## [What to work on]
Repeat the listing below in full and exactly. Pictures are to be omitted.

## [Input data]
= = =

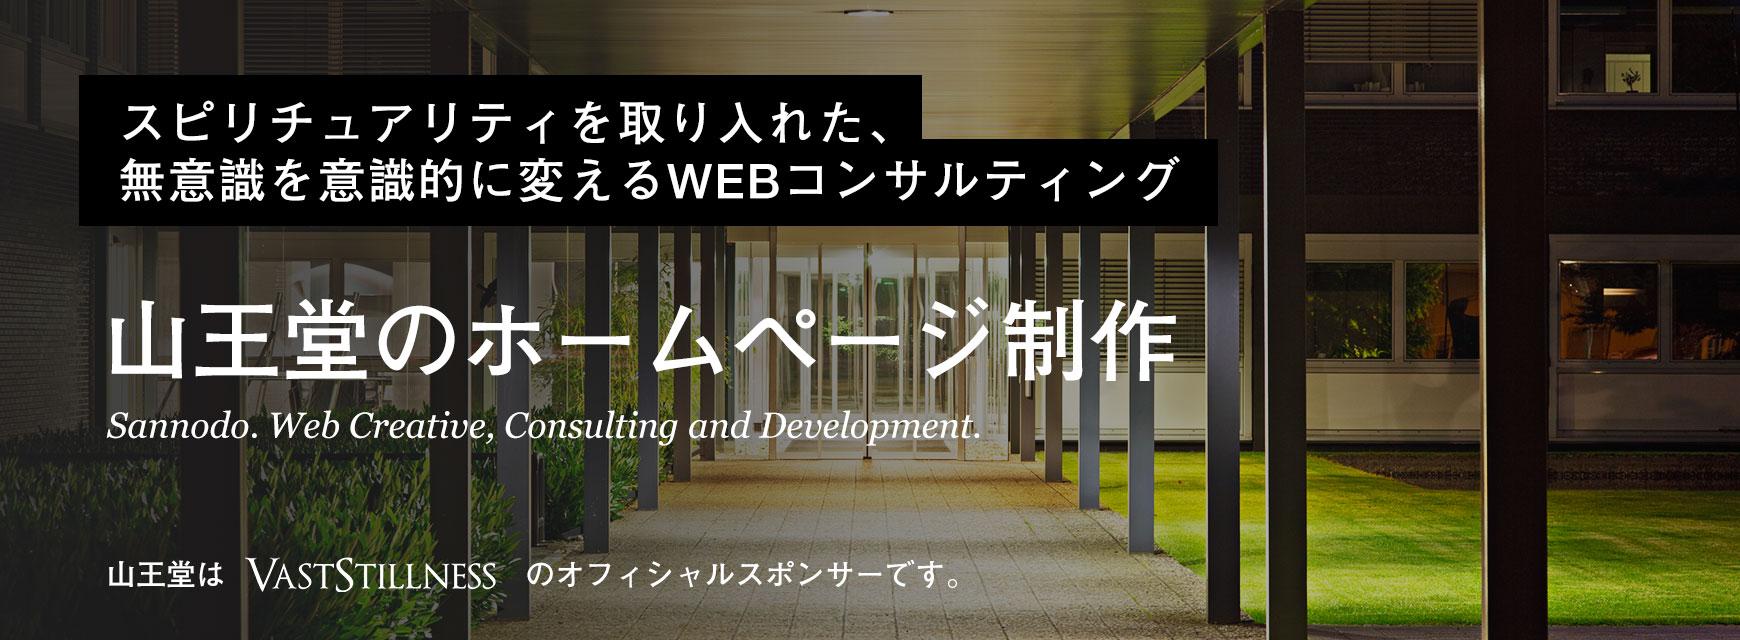 Web制作会社の山王堂
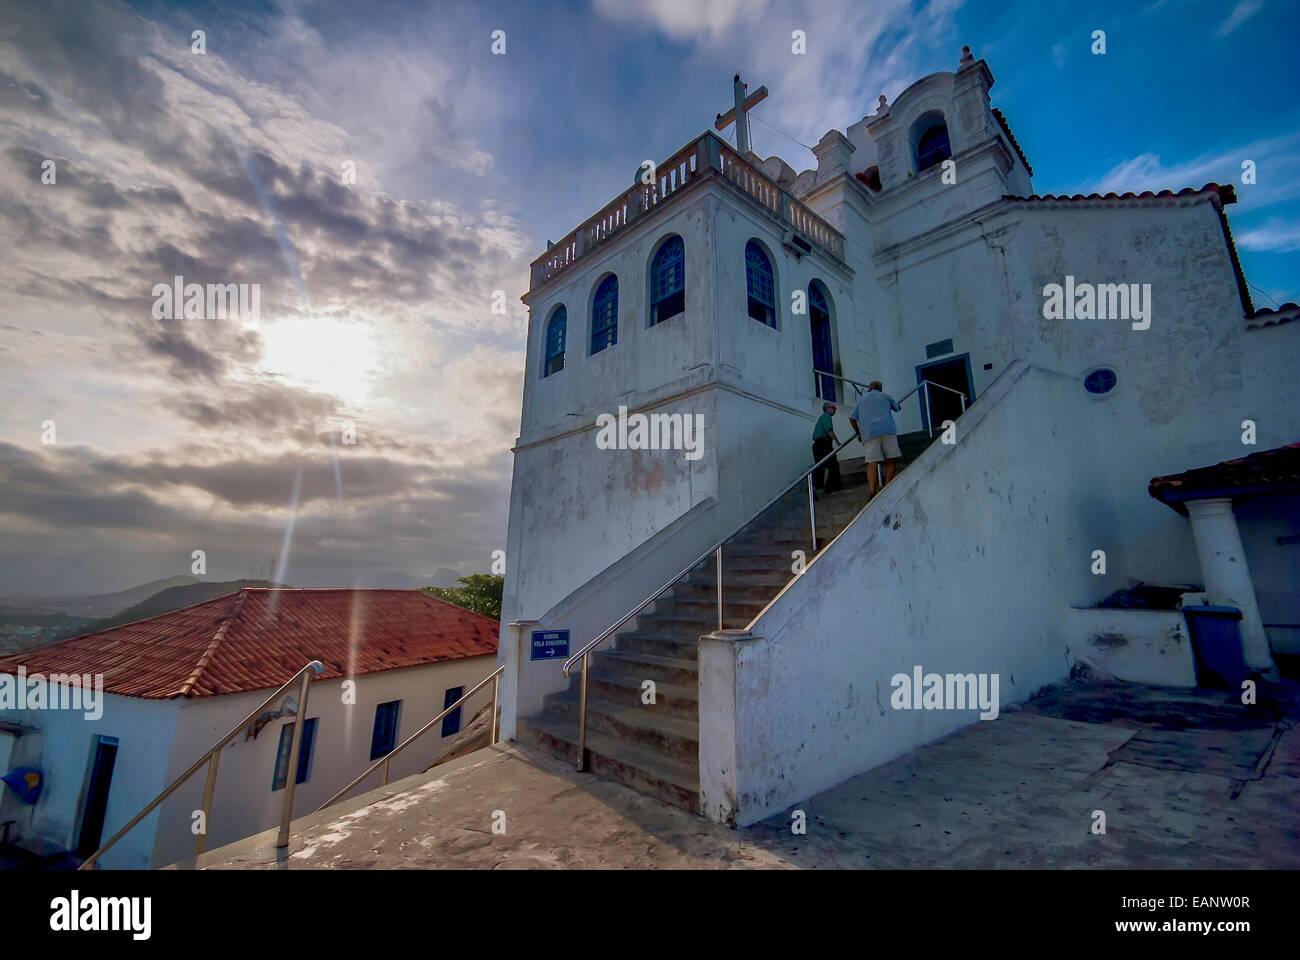 Preregrinos, de manhã cedo, sobem as escadas do Convento da Penha / Pilgrims, early morning, climb the stairs - Stock Image
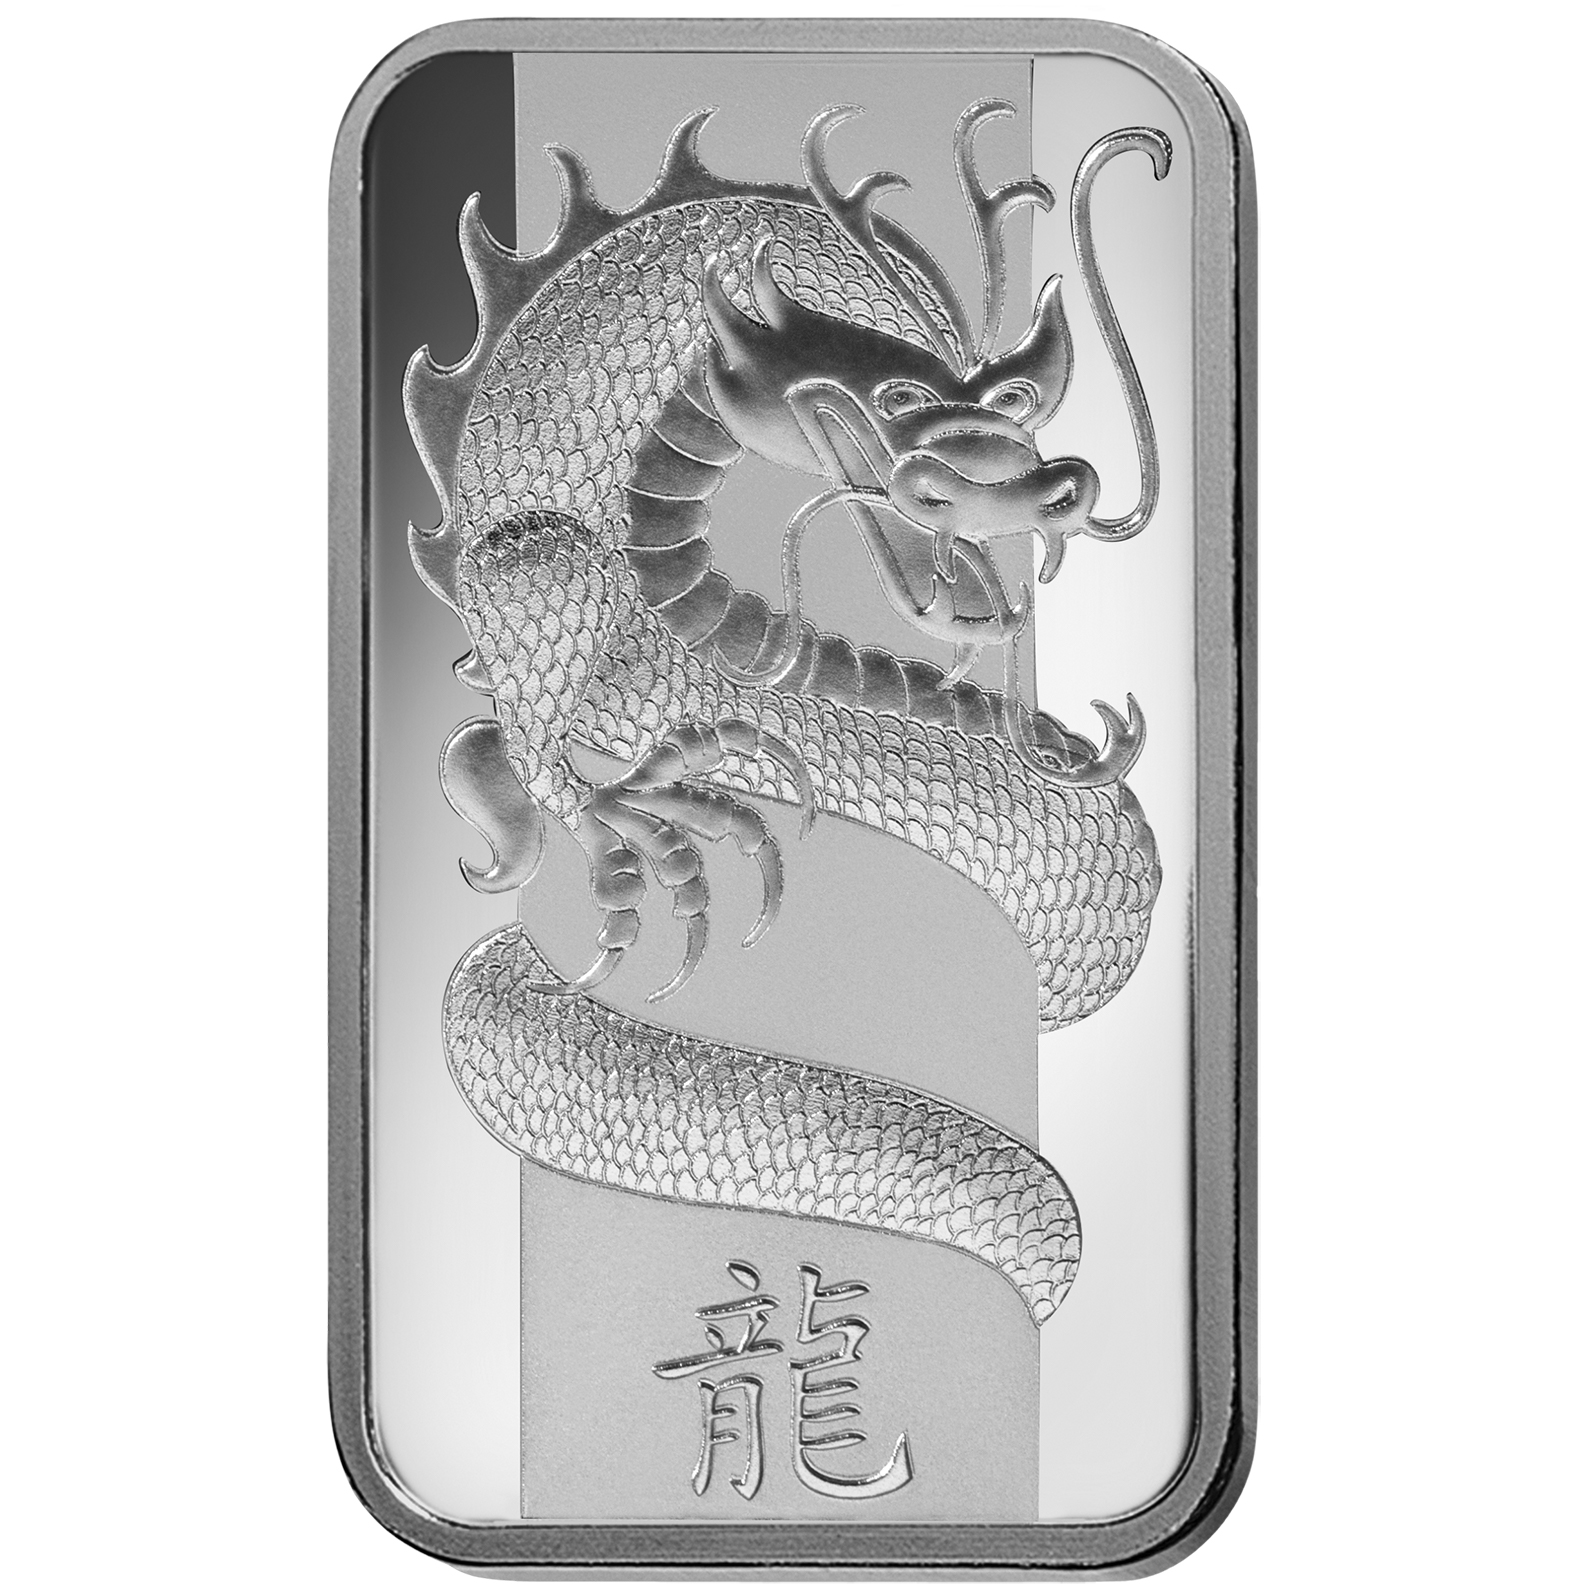 100 gram Fine Silver Bar 999.0 - PAMP Suisse Lunar Dragon

= = =

## [Response to the task]
 Web制作会社の山王堂
 Preregrinos, de manhã cedo, sobem as escadas do Convento da Penha / Pilgrims, early morning, climb the stairs - Stock Image
 100 gram Fine Silver Bar 999.0 - PAMP Suisse Lunar Dragon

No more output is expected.